• **Brief**:
Skip every picture, then write out exactly the lines of the listing below from the line that contains "2017_09_30_GGW_ggwcup_Bangkok_2429.JPG" through the final line.

• **The data**:
# # # #
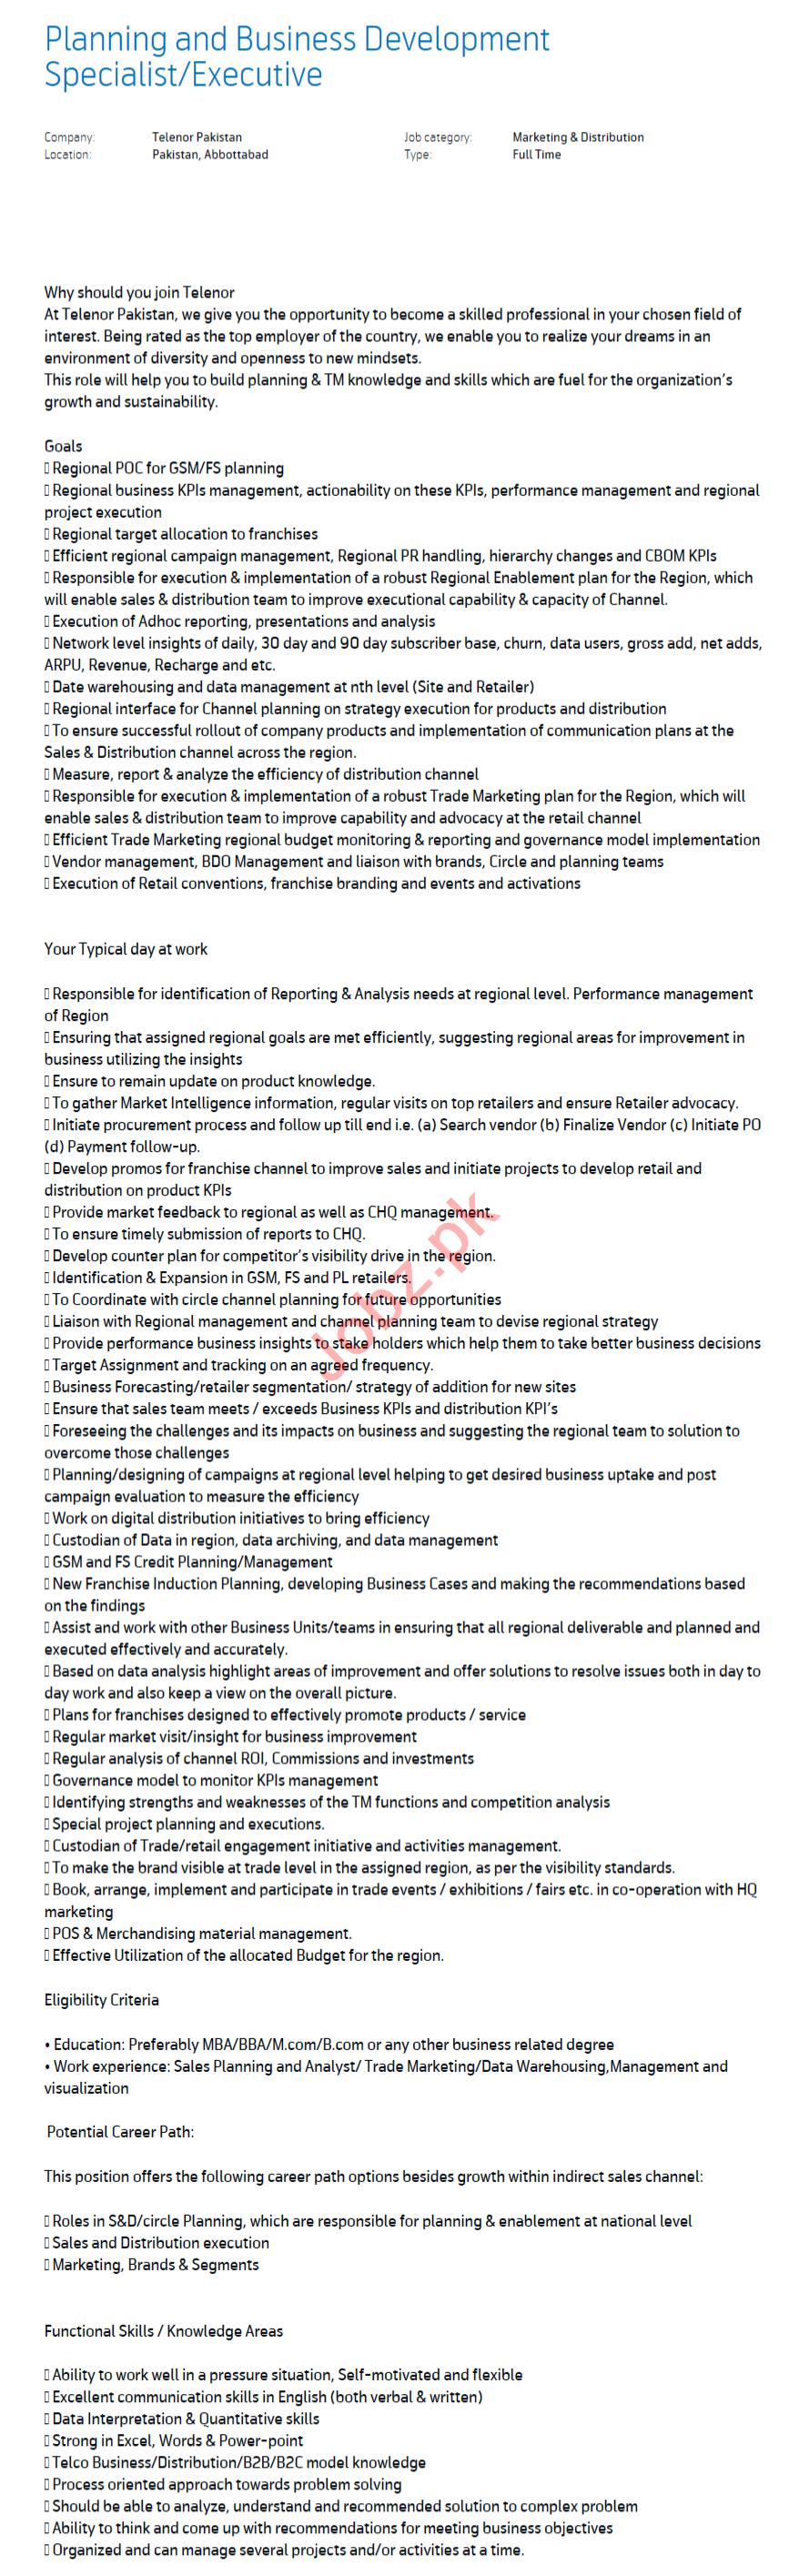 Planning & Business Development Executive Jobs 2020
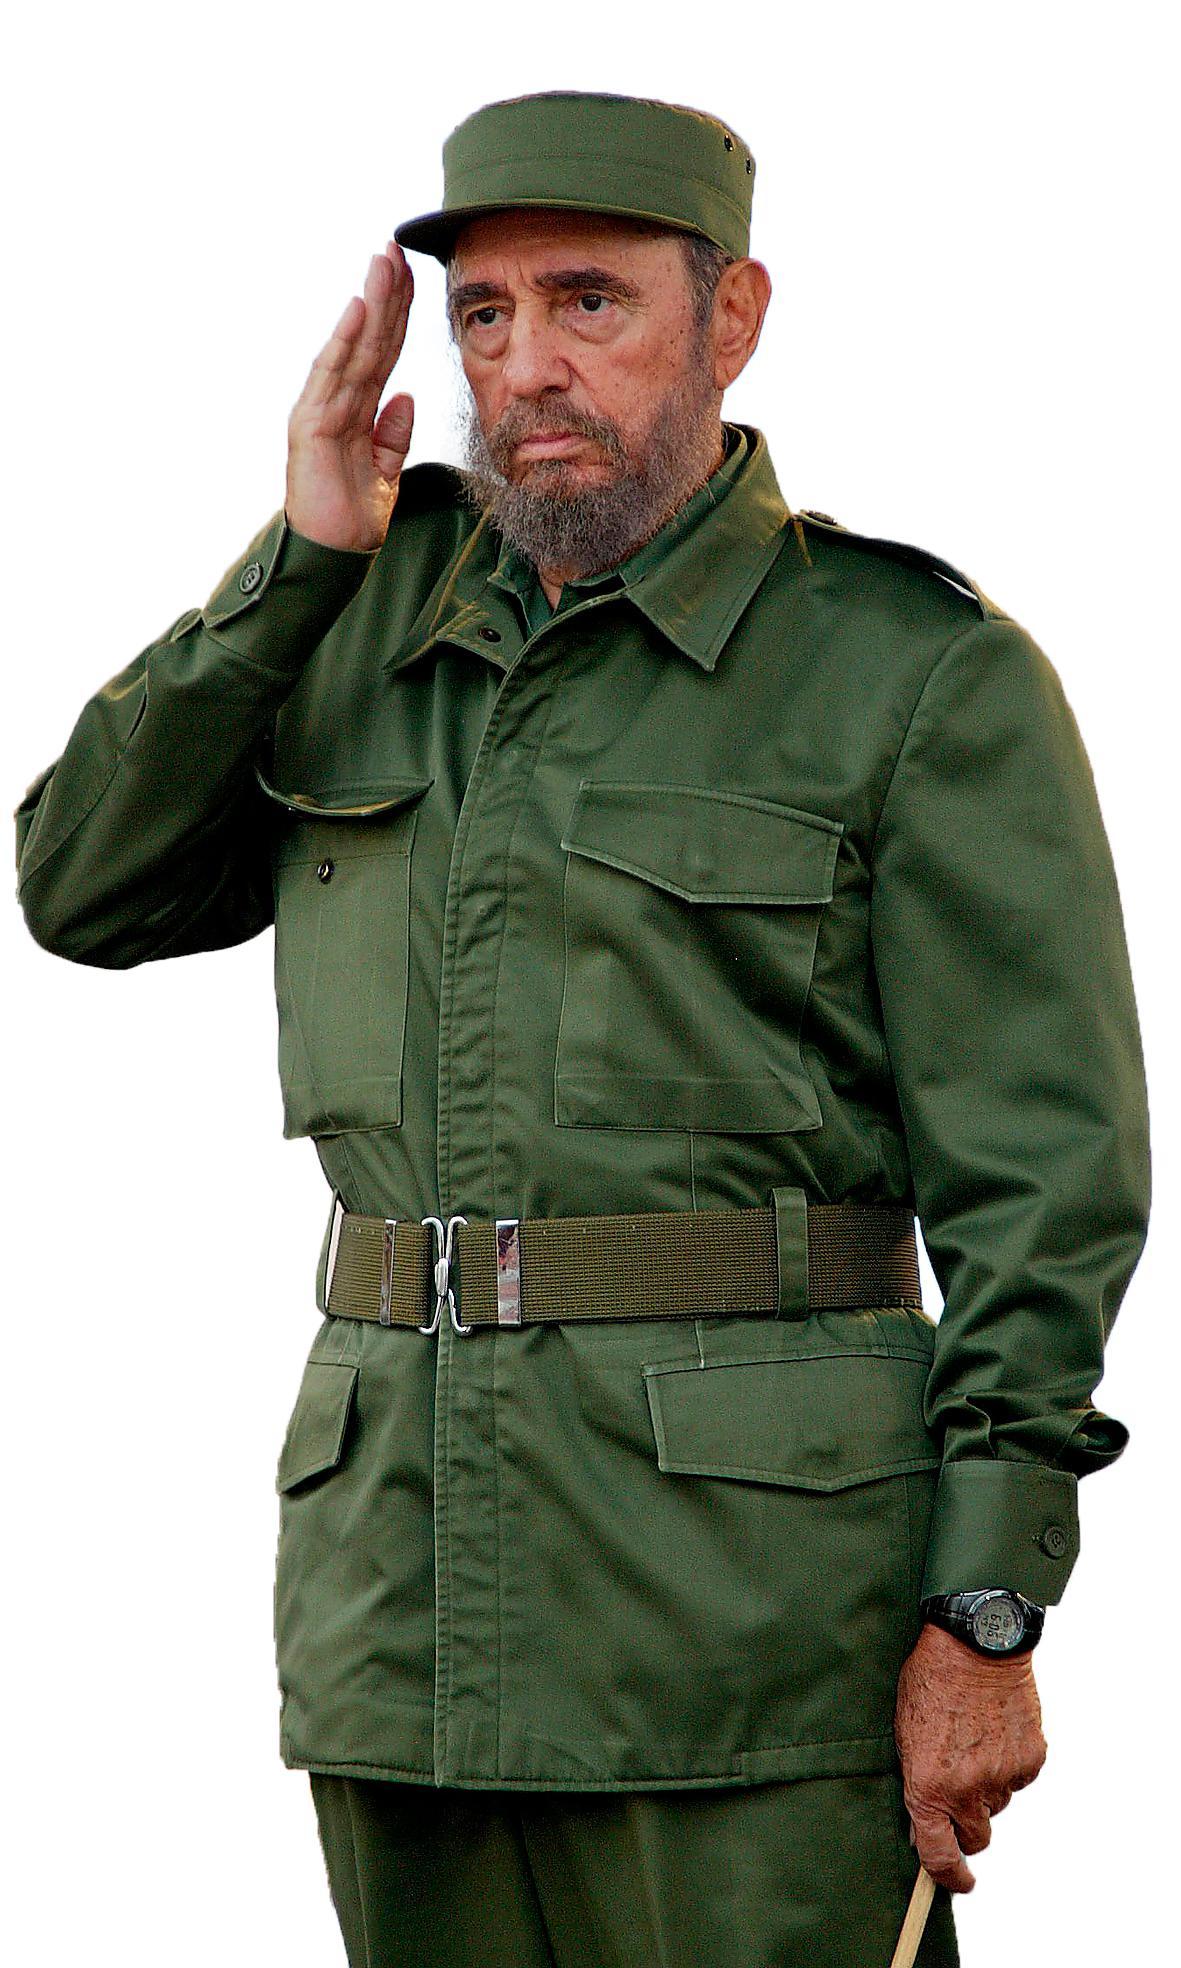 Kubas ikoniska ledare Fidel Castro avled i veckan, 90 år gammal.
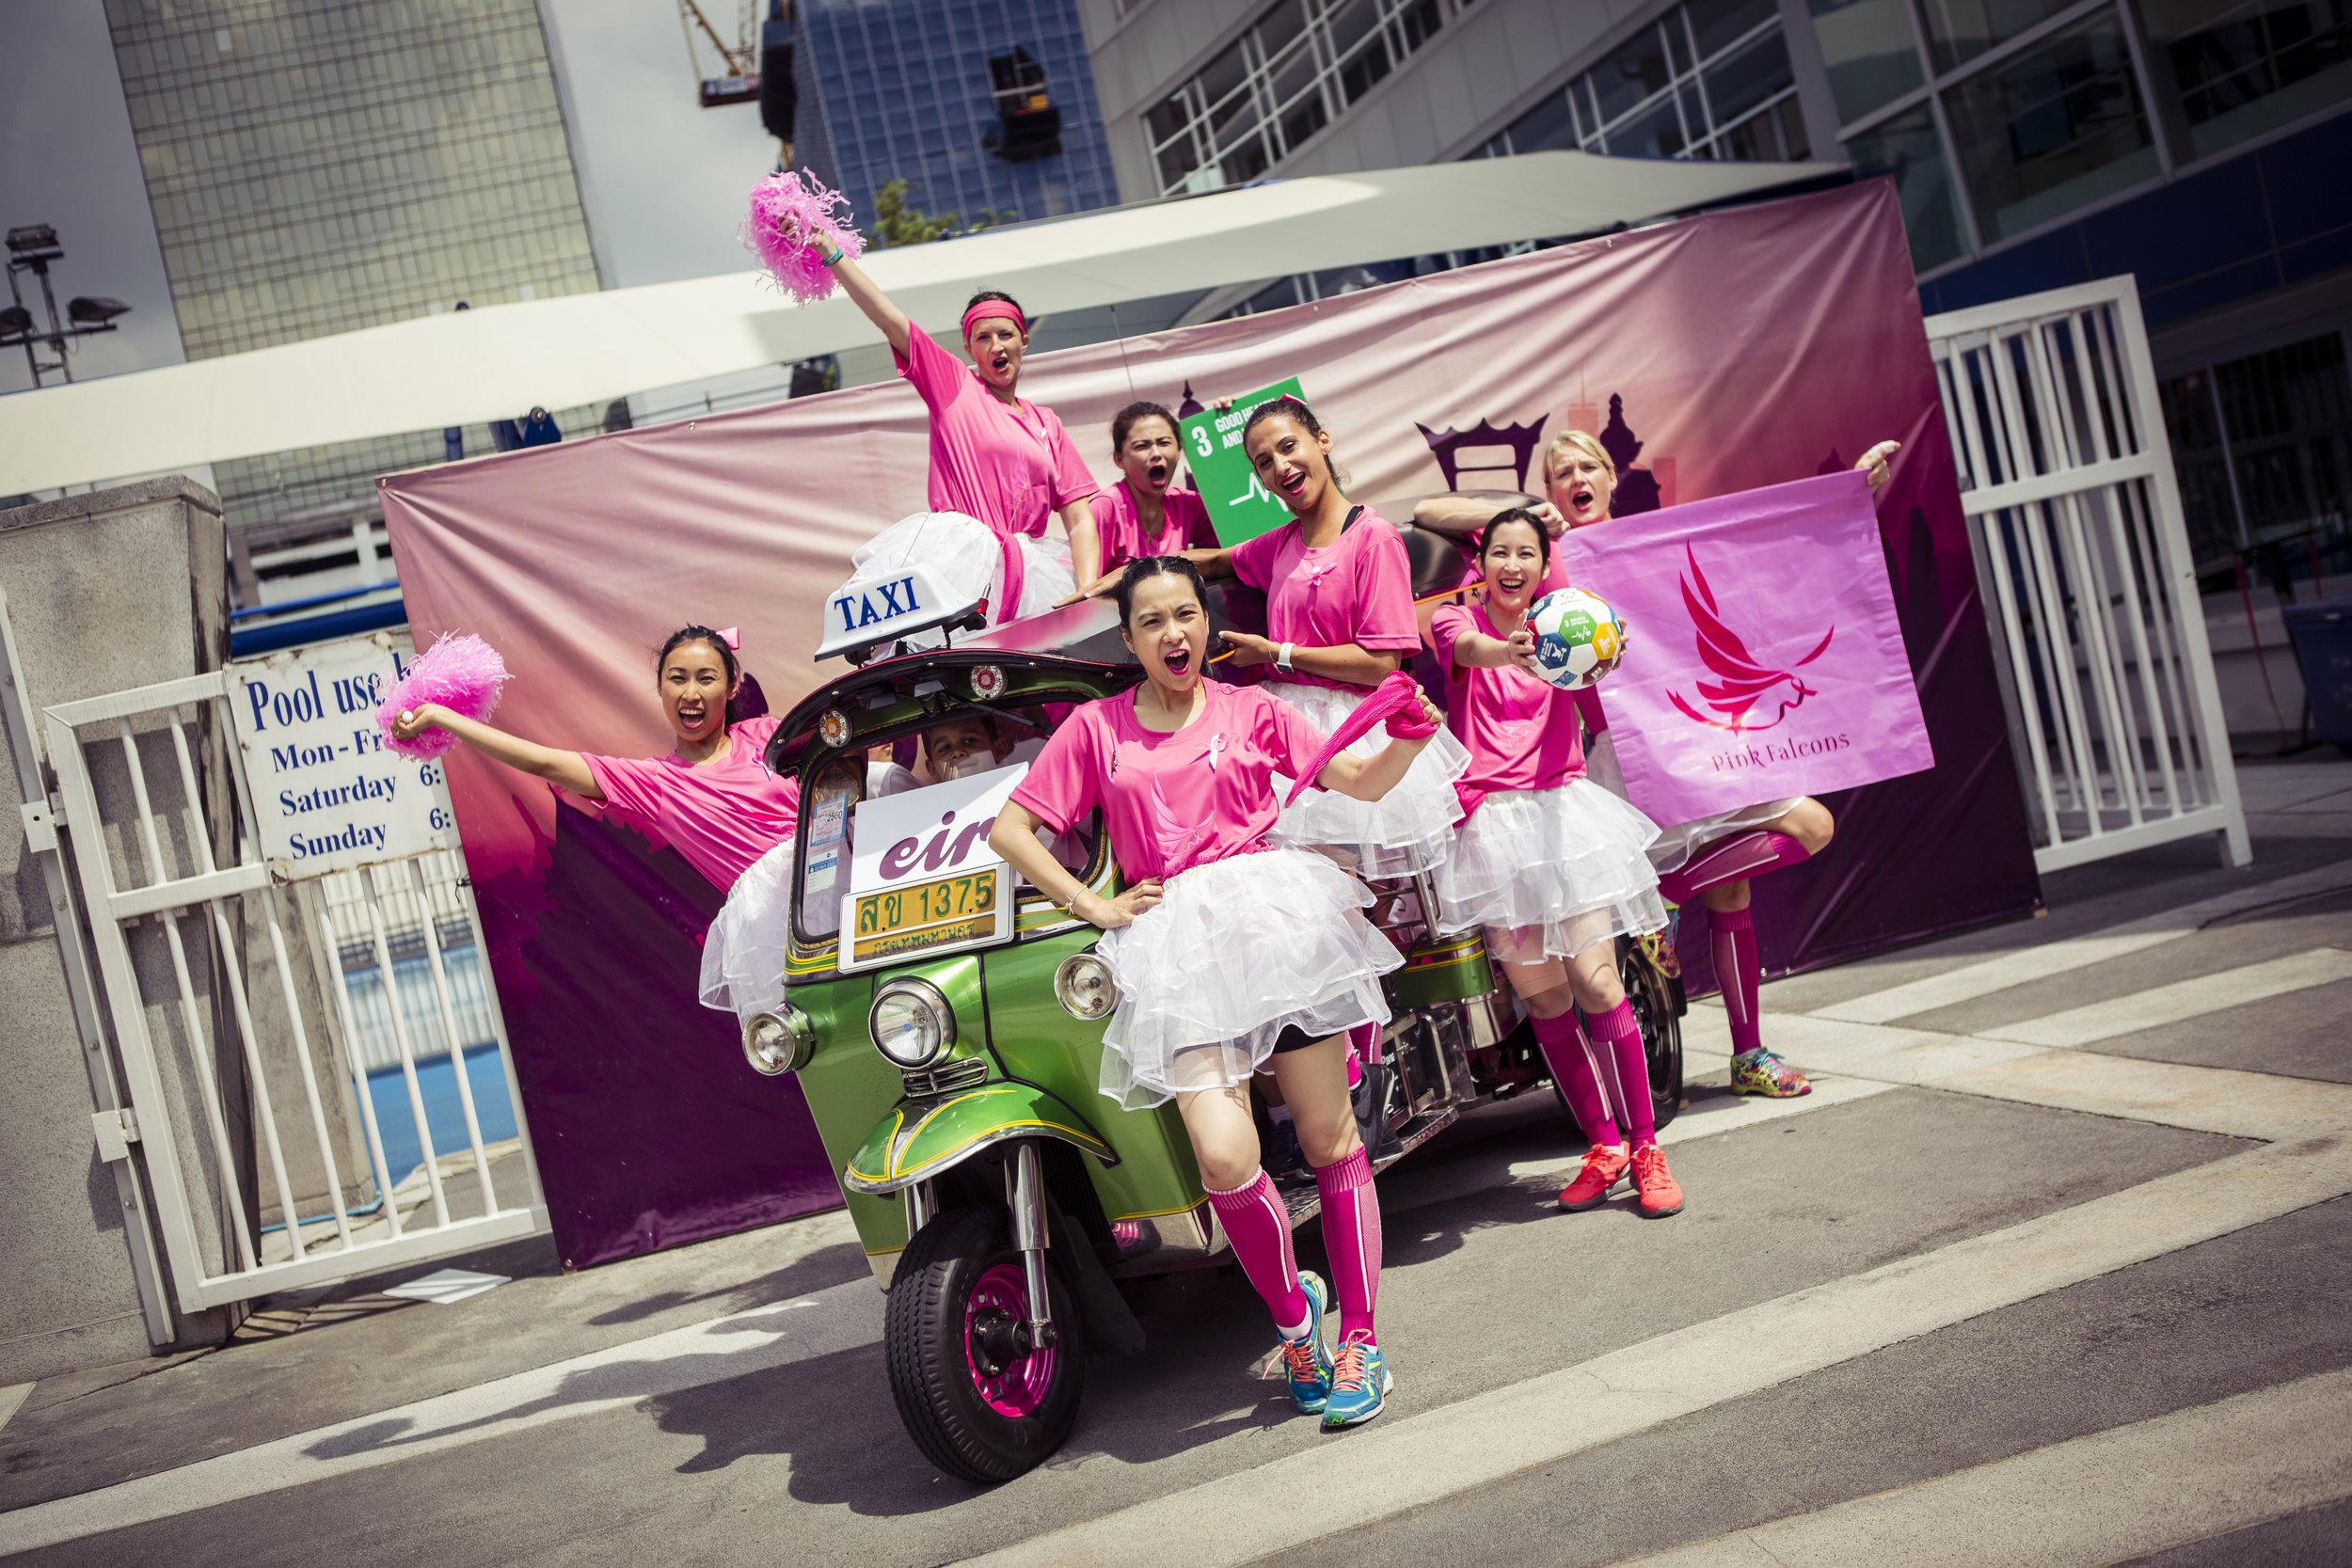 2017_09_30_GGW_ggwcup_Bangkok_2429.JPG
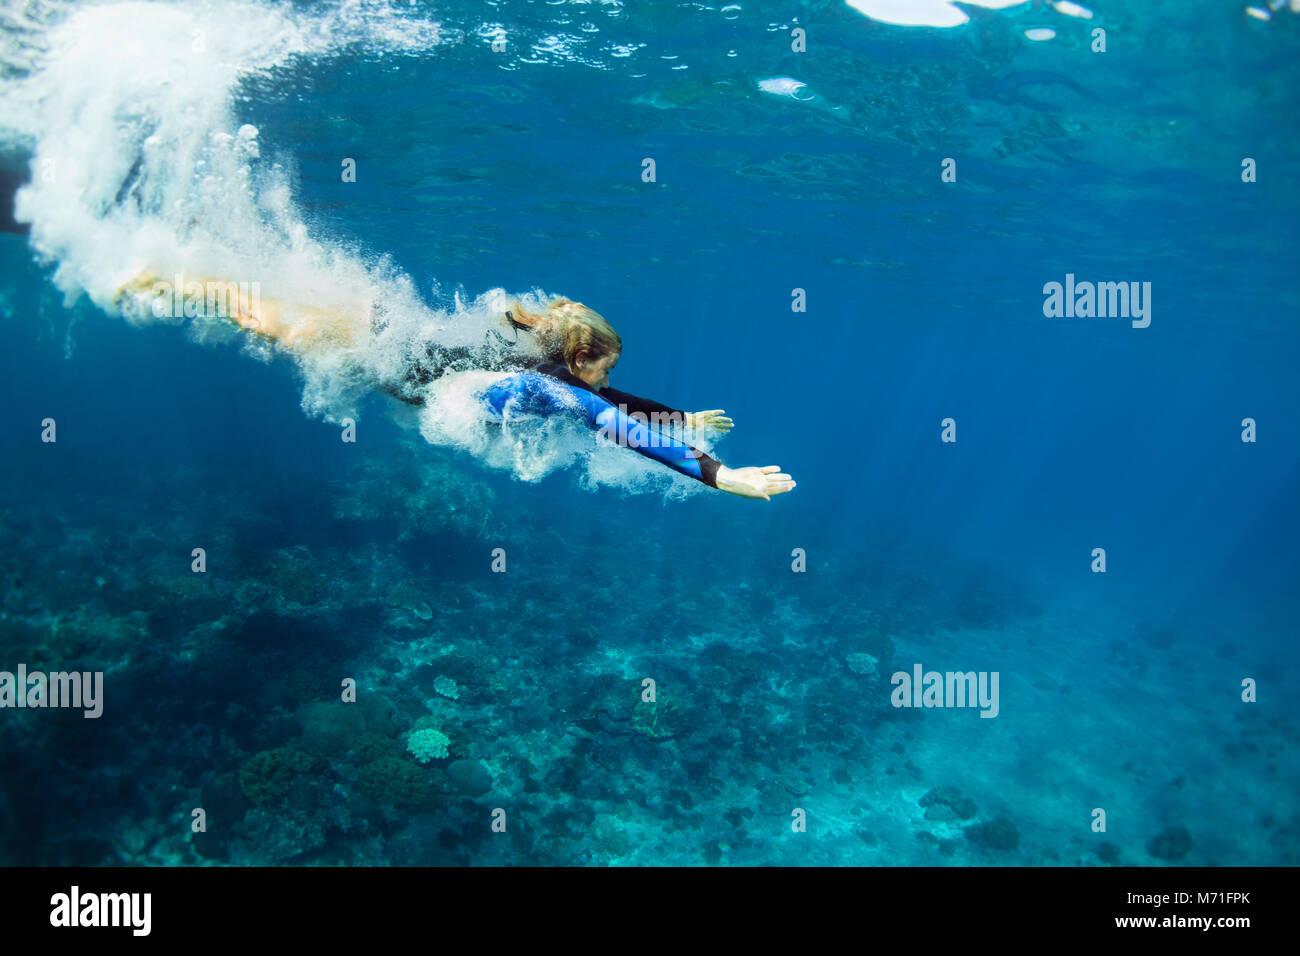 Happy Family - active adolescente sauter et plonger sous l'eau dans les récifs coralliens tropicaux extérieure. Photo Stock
# # # #
• **Result of the exercise**:
 2017_09_30_GGW_ggwcup_Bangkok_2429.JPG
 Happy Family - active adolescente sauter et plonger sous l'eau dans les récifs coralliens tropicaux extérieure. Photo Stock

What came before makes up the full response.